Inside the Xcode project in the “Libraries/RegisterMonoModules.cpp” file you can see how the calls to the functions registered as “extern” are inside a block that is only processed it the target IS NOT the Simulator (#if !(TARGET_IPHONE_SIMULATOR)). So we have to pull out from that block both the definition of the function that registers our functions (mono_dl_register_symbol) and our functions them self.
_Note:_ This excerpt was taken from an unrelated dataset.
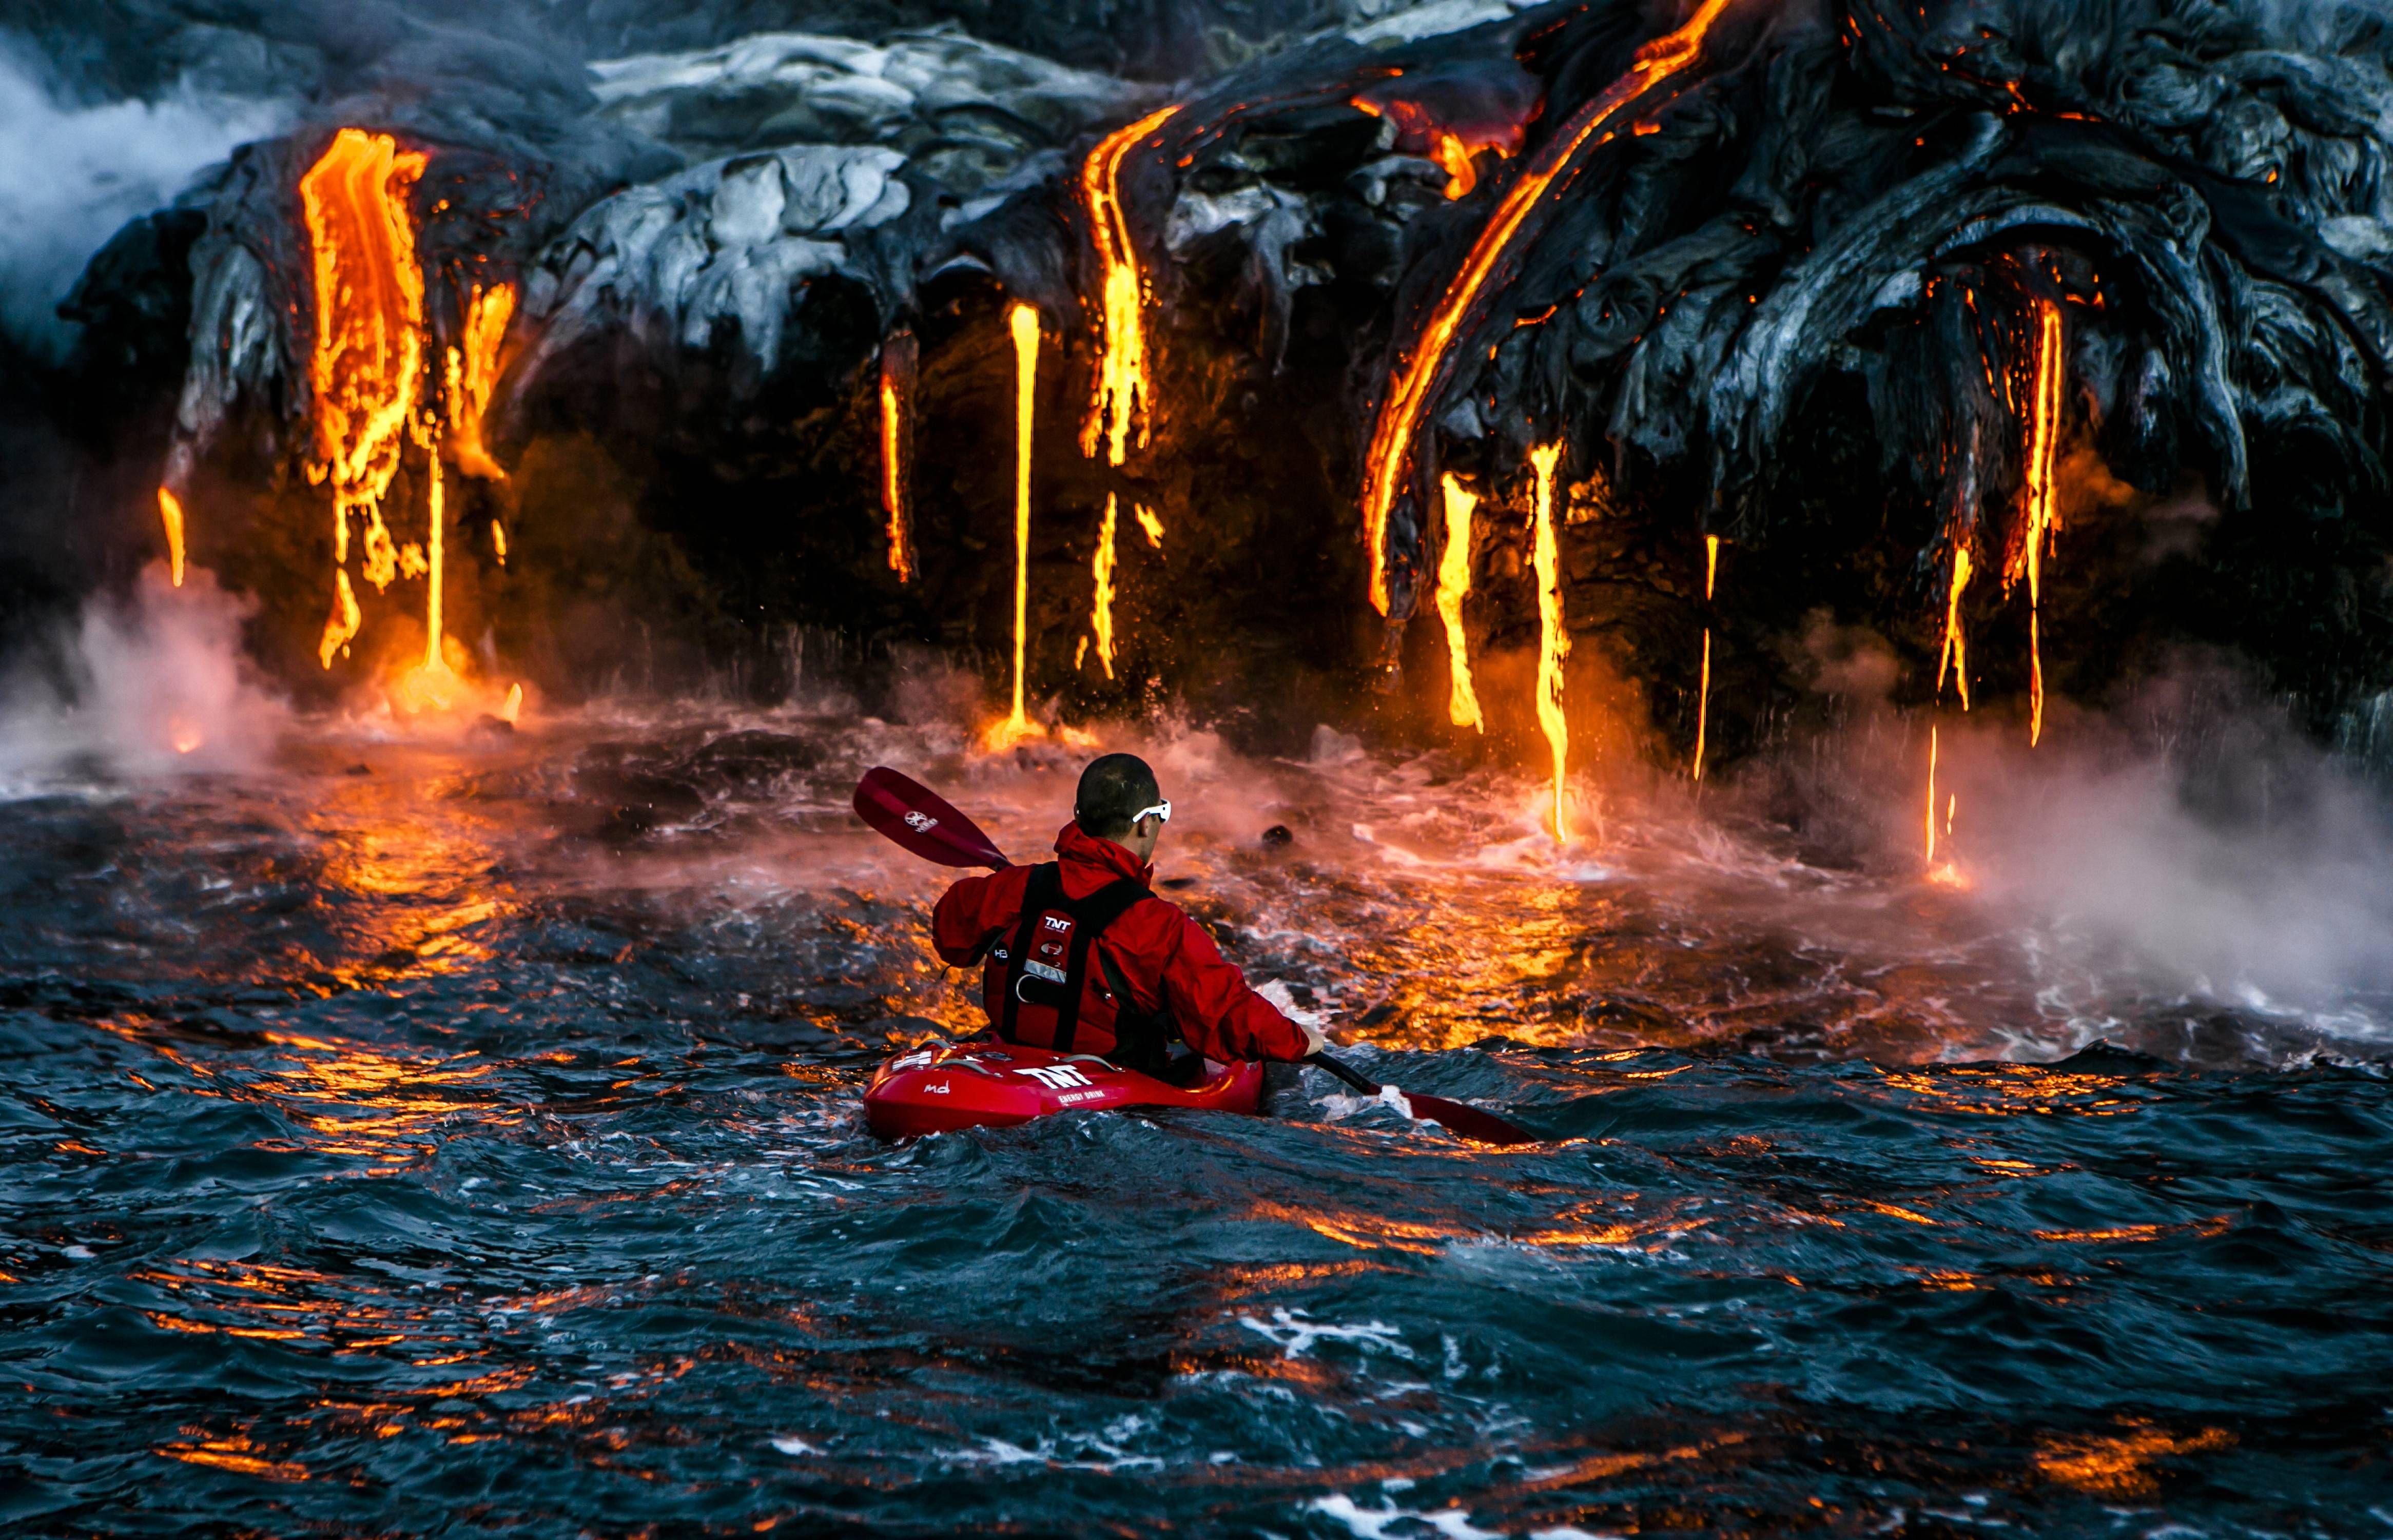 Kayakingg Lava Extreme Kayaking National Geographic Photo

Look at the bold lines in the following code:

#include "RegisterMonoModules.h"

extern bool gEnableGyroscope;

extern "C"
{
	typedef void* gpointer;
	typedef int gboolean;
#if !(TARGET_IPHONE_SIMULATOR)
	const char*			UnityIPhoneRuntimeVersion = "3.5.0f5";

	extern int 			mono_ficall_flag;
	void				mono_aot_register_module(gpointer *aot_info);
	extern gboolean		mono_aot_only;
	extern gpointer*	mono_aot_module_Assembly_CSharp_firstpass_info; // Assembly-CSharp-firstpass.dll
	extern gpointer*	mono_aot_module_UnityEngine_info; // UnityEngine.dll
	extern gpointer*	mono_aot_module_mscorlib_info; // mscorlib.dll
#endif // !(TARGET_IPHONE_SIMULATOR)
	void				mono_dl_register_symbol (const char* name, void *addr);
	void	_PassStructFromObjCToUnity();
	void	_Test();
}
void RegisterMonoModules()
{
    gEnableGyroscope = false;
#if !(TARGET_IPHONE_SIMULATOR)
	mono_aot_only = true;
	mono_ficall_flag = false;
	mono_aot_register_module(mono_aot_module_Assembly_CSharp_firstpass_info);
	mono_aot_register_module(mono_aot_module_UnityEngine_info);
	mono_aot_register_module(mono_aot_module_mscorlib_info);


#endif // !(TARGET_IPHONE_SIMULATOR)
	mono_dl_register_symbol("_PassStructFromObjCToUnity", (void*)&_PassStructFromObjCToUnity);
	mono_dl_register_symbol("_HaveObjCDoSomething", (void*)&_HaveObjCDoSomething);
}

We can modify the “PostprocessBuildPlayerscript so we don’t have to do this by hand every time we change our code. Some awk magic will do the trick (not very fancy but it works…):

#!/bin/bash
cp -fR ./iOS Build/Libraries ~/Documents/Xcode/my-project/
cp -fR ./iOS Build/Data ~/Documents/Xcode/my-project/
rm file.tmp
awk '
{
  if ($0 == "#if !(TARGET_IPHONE_SIMULATOR)" && NR == 9) {
    getline var1;
    getline var2;
    printf "%sn%sn%sn", var2, $0, var1 >> "file.tmp"
  } else if (NR == 32) {
     printf "#endif // !(TARGET_IPHONE_SIMULATOR)" >> "file.tmp"
     printf "n%sn", $0 >> "file.tmp"
  } else if ($0 == "#endif // !(TARGET_IPHONE_SIMULATOR)" && NR > 32) {
  } else {
    print $0 >> "file.tmp"
  }
}' ~/Documents/Xcode/my-project/Libraries/RegisterMonoModules.cpp
mv file.tmp ~/Documents/Xcode/my-project/Libraries/RegisterMonoModules.cpp

It is probably a good idea to deactivate “Dead Code Stripping” option in the Xcode project (located in “Linking” from the “Build Settings”) as Xcode might think our extern defined functions will never be called as they are called only from Unity and not from Xcode.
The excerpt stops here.